------ Data provided ------

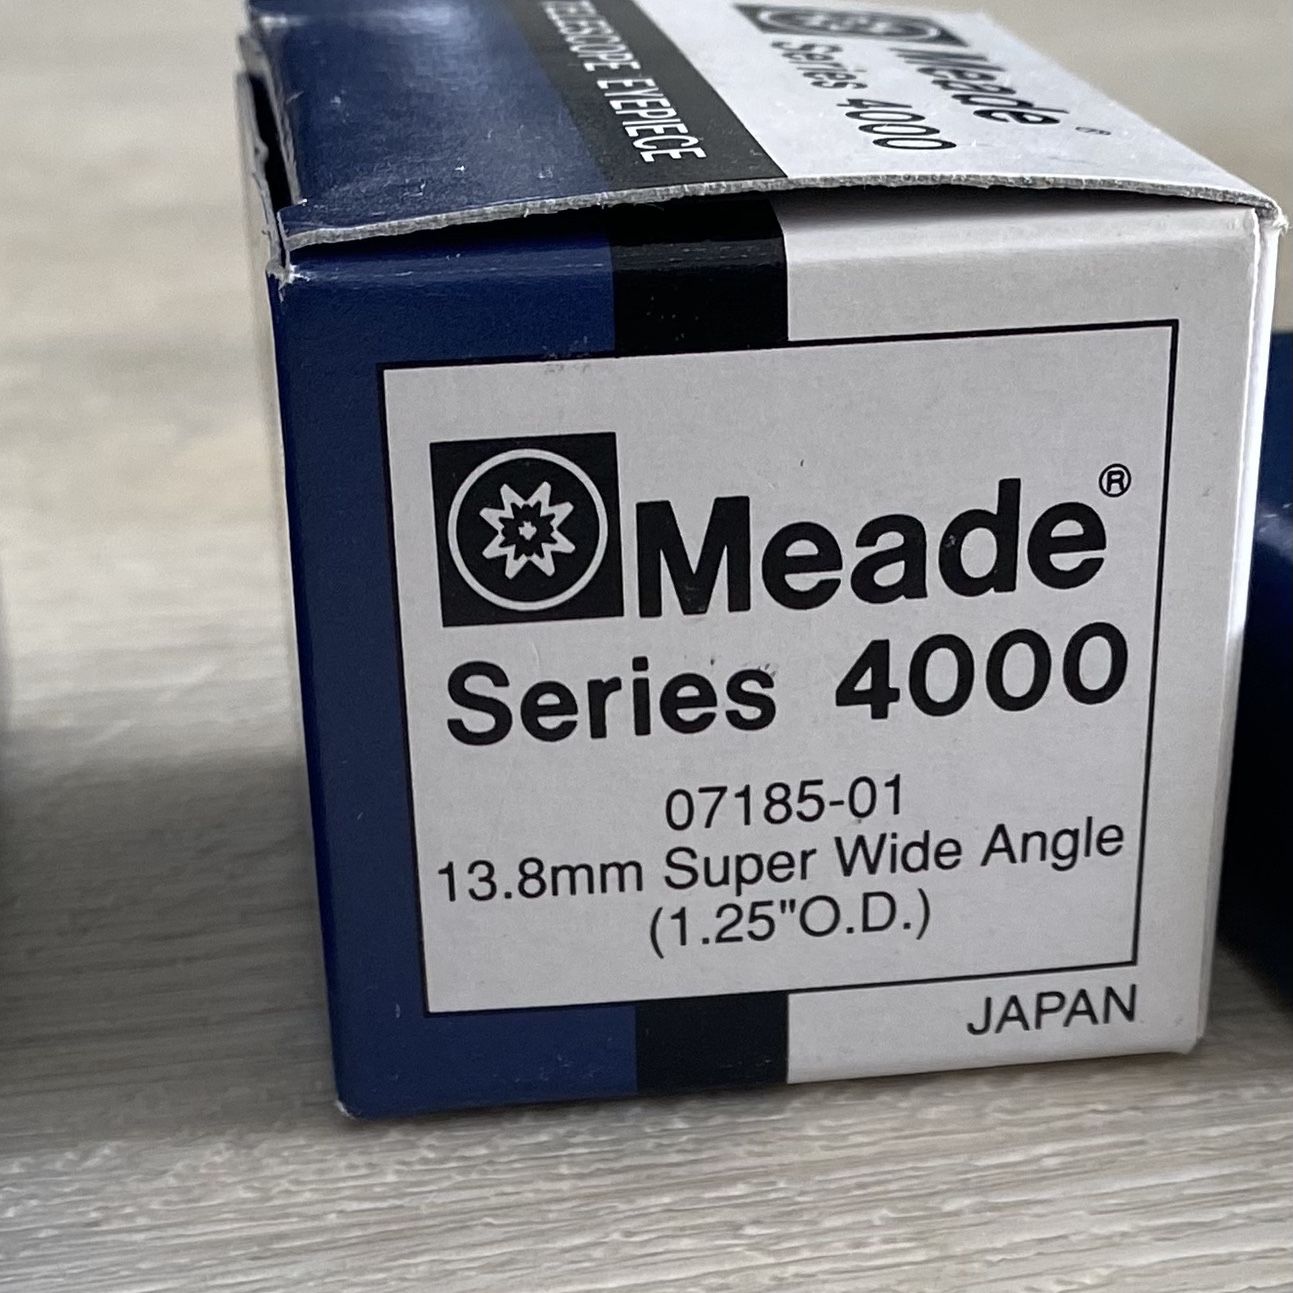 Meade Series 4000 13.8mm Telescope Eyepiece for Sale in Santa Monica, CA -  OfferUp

------
------ Data provided ------

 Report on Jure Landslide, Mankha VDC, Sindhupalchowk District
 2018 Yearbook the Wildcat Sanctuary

------

Work to be completed
Could you return exactly the lines above from the line with "Report on Jure" to the line with "2018 Yearbook the Wildcat Sanctuary", both included, and nothing else?

Response for this exercise
 Report on Jure Landslide, Mankha VDC, Sindhupalchowk District
 2018 Yearbook the Wildcat Sanctuary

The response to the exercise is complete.